Дальше тоже красиво, но сношарь не запомнил.





Звали нового, младшего сношаря совершенно очаровательно: Ромаша. Бабы с ума сходили. Деревня нынче поделилась на две бабьи половины: та, которая у Ромаши еще не была и к нему рвалась, яйца копила и очередь занимала, — и та, которая у Ромаши уже была, по новой рвалась к нему, яйца копила и очередь занимала. Лука Пантелеевич очень это одобрял, бабам дополнительно рекомендовал и пророчил, что Ромаша, как в года и в сок войдет, такие штуки изображать обучится, каких и он сам, старый мастер, никогда не вытворял. Бабы не верили, но ослушаться сношаря-батюшку кто ж осмелится, и приходилось бабам убеждать себя в том, что и вправду еще на свете какие-то чудеса есть, никому еще до сих пор не выказанные.

Ромео появился на Зарядье-Благодатских угодьях сразу после прилета царя из Южной Америки. Появился — словно в ссылку приехал, государь ему приказал жить в деревне, дышать чистым воздухом, пить козье молоко, водить хороводы с девками, лузгать семечки и прочая, и прочая. Словом, чего там еще в деревне делают — царь всего не помнил, его мысли от деревенских проблем тогда далеко были.

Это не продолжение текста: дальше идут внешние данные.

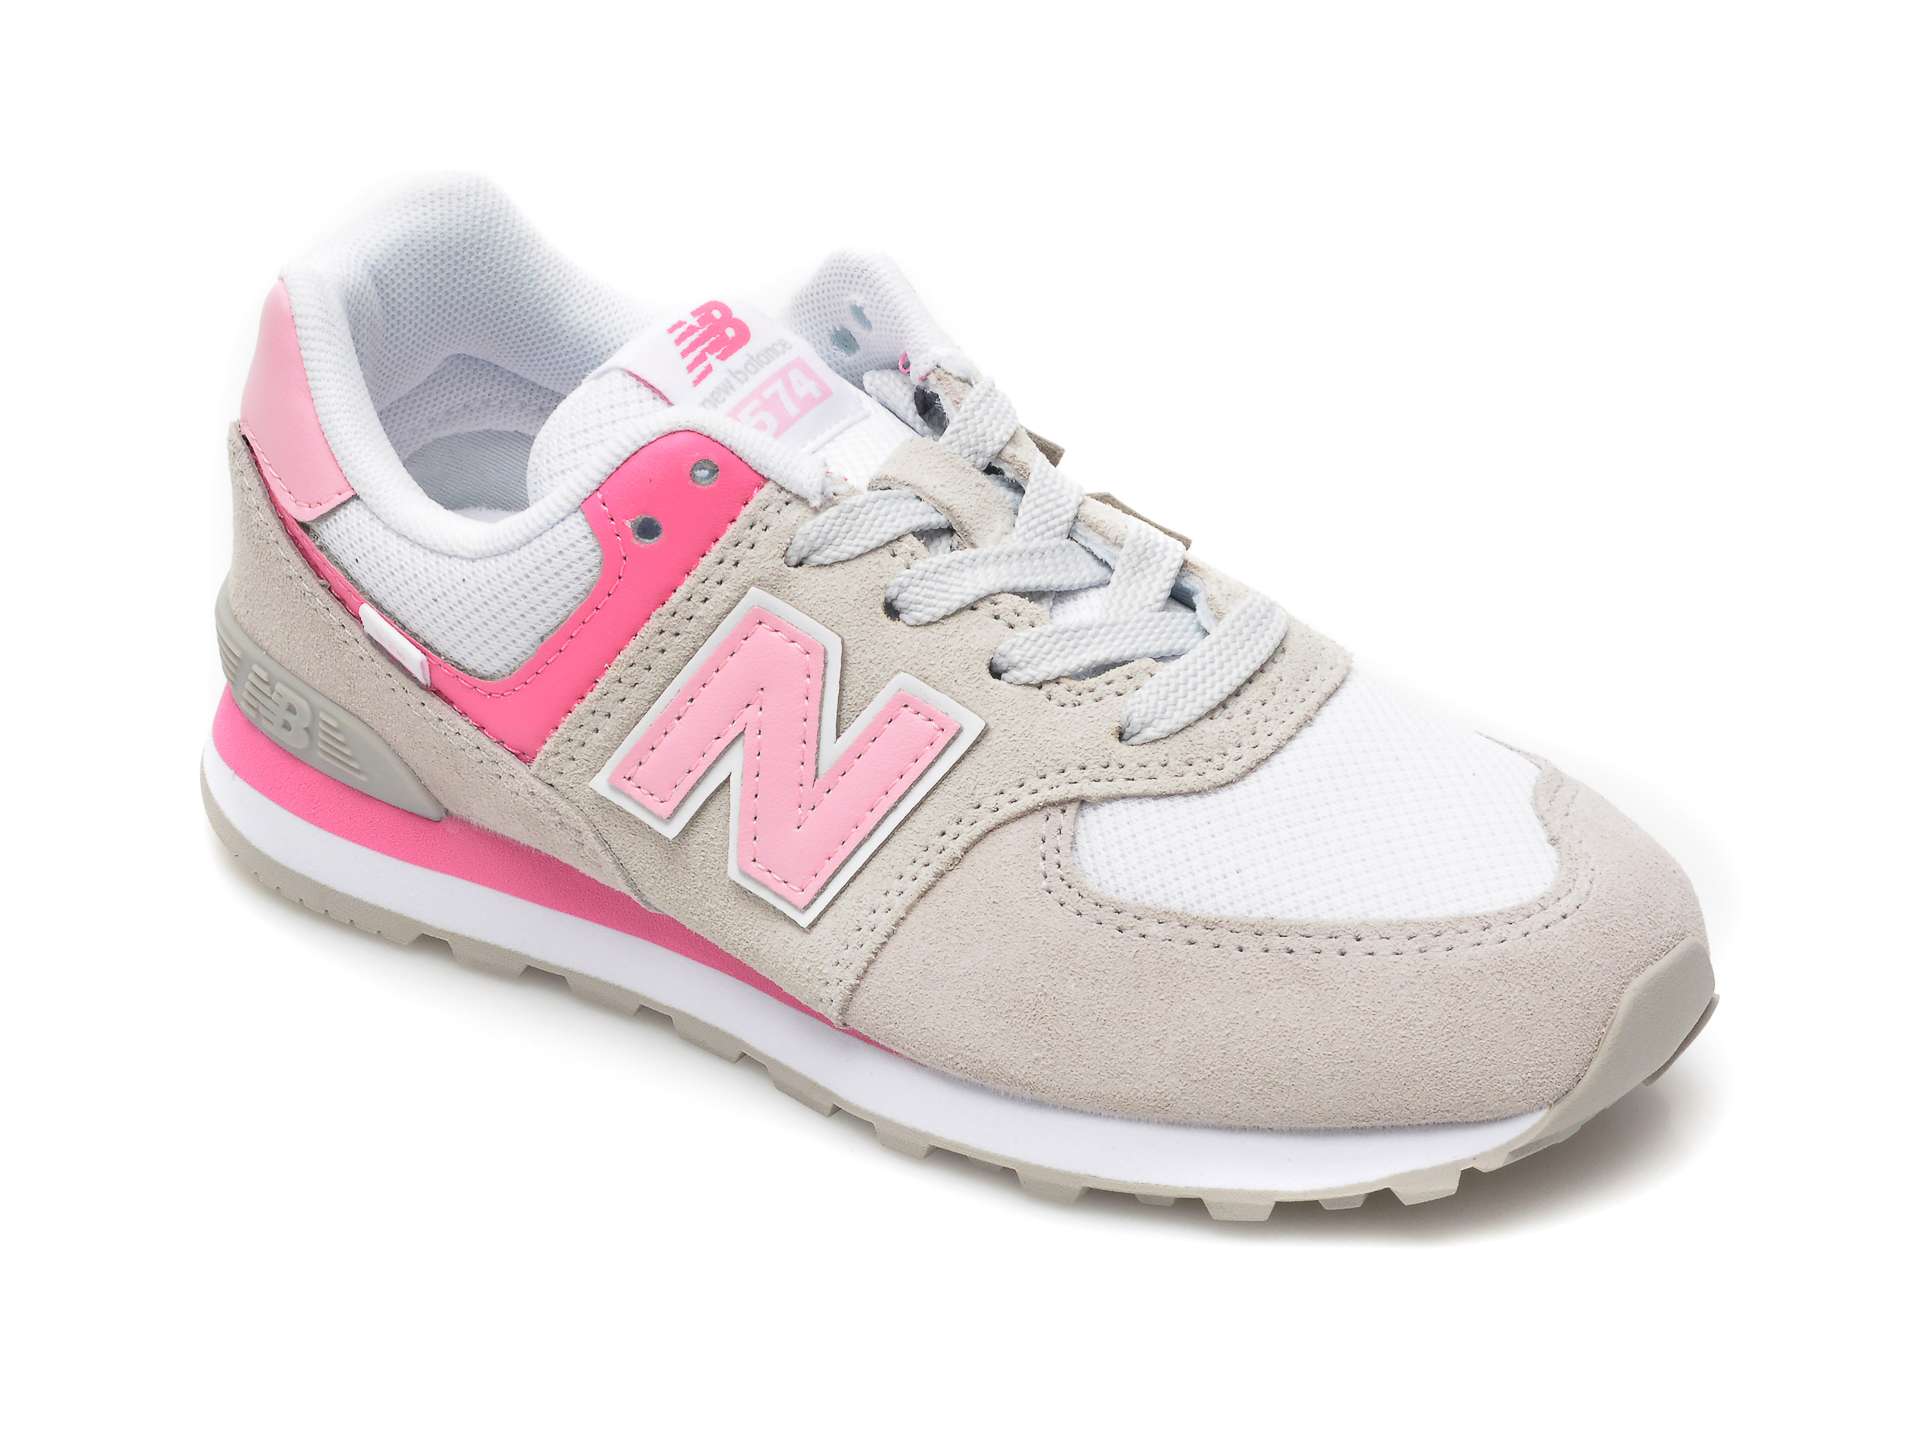 Pantofi sport NEW BALANCE gri, PC574, din material textil si piele intoarsa

Отделался овдовевший царевич по сравнению с прочими участниками великосветского свинства на Танькиной даче сравнительно легко. Надо думать, царь все же никакого особенного зла на покойного племянника не держал: за что бы? Принадлежность к сексуальному меньшинству нынче никого не интересовала, все ж таки не национальный вопрос, а ведь и тот при царе куда сразу рассосался! — ну, а какая-то мелкая судимость из времен всеми уже позабытой советской власти… Никому и ничего плохого, как теперь выяснилось, ничего не сделал он плохого в своей короткой жизни. Такие, наверное, мысли были у царя. Хотя, быть может, цари думают не то и не так, как прочие люди, но как-нибудь они это да делают? Этого они сами точно не знают, такой слух есть.

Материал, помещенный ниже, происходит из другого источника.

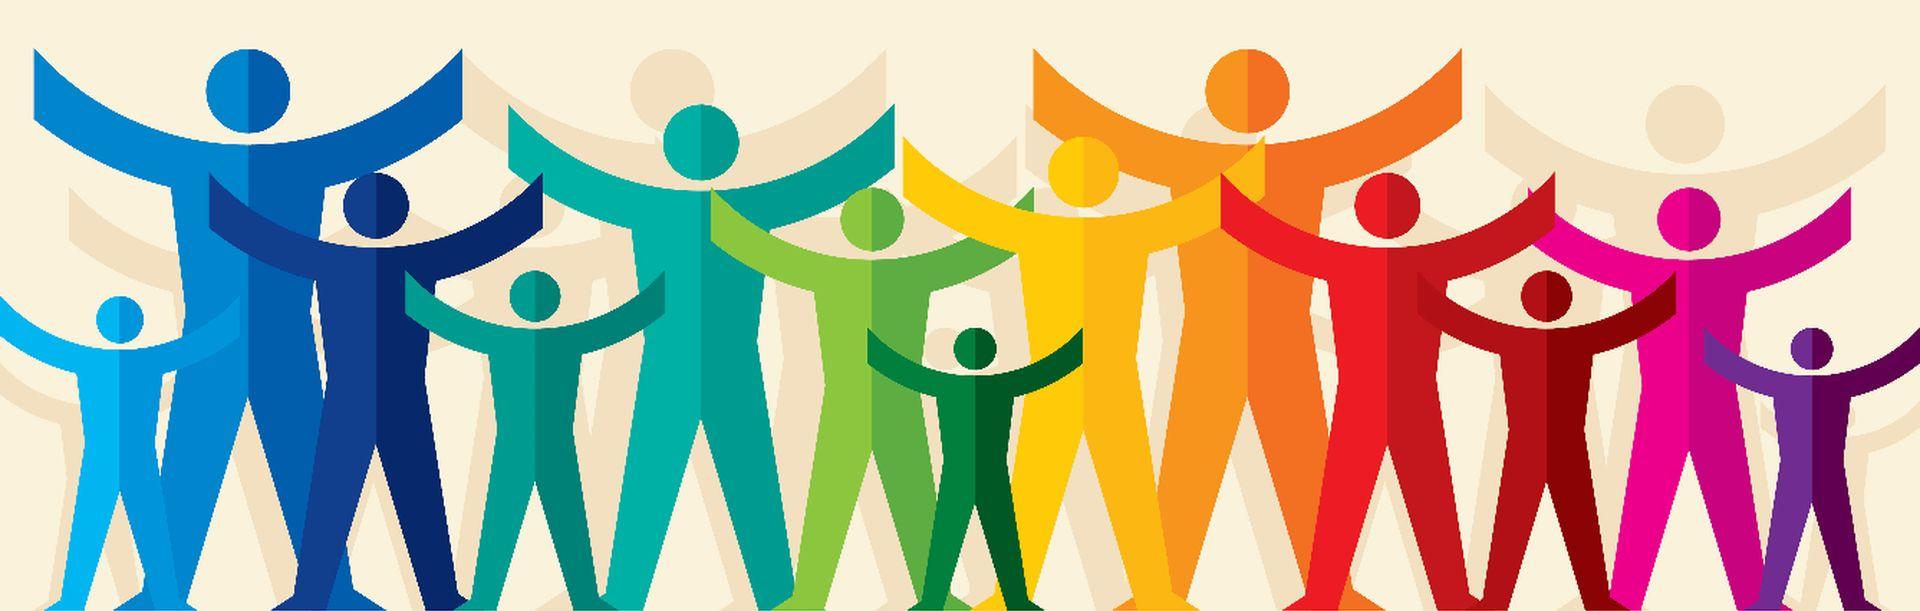 Building Hope Through Partnerships

Накачали Ромео Игоревича Романова транквилизаторами, посадили в вороной ЗИП и умчали в деревню. В главную, столичную, в Зарядье-Благодатское, поселили временно в трехкомнатной избе-люкс на десятом этаже. Заставили отоспаться, трое суток при нем единственный верный врач, вызванный из Елениной косметологической реанимации, дежурил, иглоукалывал. Двое суток проторчал. Потом приступил к отоспавшемуся молодцу батюшка Викентий. Узнав, что принц крещеный, да еще по обычному православному обряду, спросил батюшка самое простое: когда тот изволил у исповеди последний раз бывать и причащаться. Ромео честно признался, что вообще никогда. Батюшка Викентий тяжко вздохнул и предложил принцу все-таки исповедаться по-людски, не формально. Выговориться, облегчить душу. Ромео немножко подумал, а потом заговорил с такой скоростью и с таким захлебом, без остановки, что батюшка и час и два только пот с чела утирал. Слезами уходили из организма царевича и транквилизаторы, и несчастья, и еще такое, чему уйти другими путями из человеческой плоти нет никакой возможности.

К вечеру принц не только исповедался и получил все, что Российская Истинноправославная Церковь исповедующемуся дозволяет, но и стал проситься в монахи. Батюшка Викентий, принадлежа к белому духовенству, ничего по этому поводу ответить не мог, посоветовал обратиться в Святейший Синод, лучше сразу к тамошнему обер-прокурору, господину Досифею Ставраки. Царевич по слабости чувств не удержался и пробормотал уличную дразнилку, которой босяки-мальчишки провожали ЗИП обер-прокурора: «Собаки Ставраки жуют козинаки, жуют козинаки, танцуют сиртаки!..» Батюшка вздохнул и порекомендовал насчет монашества все-таки сперва обратиться к высочайшим родственникам, ибо без их ведома нынче стричь не велено, были уже попытки, и кто-то их сверху пресекал — уж не сам ли царь? Батюшка подобрал рясу и заспешил к вечерне. Собор у него был большой, но тесный, а деревня — известно какая. Отец Викентий даже сожалел, что храм никак нельзя перестроить, чтобы попросторней стало. На полпути священник встретил стадо коров, возвращавшихся с Васильевского выпаса. Пастухом в селе нанялся служить какой-то бывший знаменитый эстрадный певец; хоть и еврей, он исправно бывал у службы, и гордился, что зовут его по-библейски. На шее у передней коровы позванивал старинный валдайский колоколец. Определенно священник рисковал опоздать к службе, очень его принц задержал исповедью.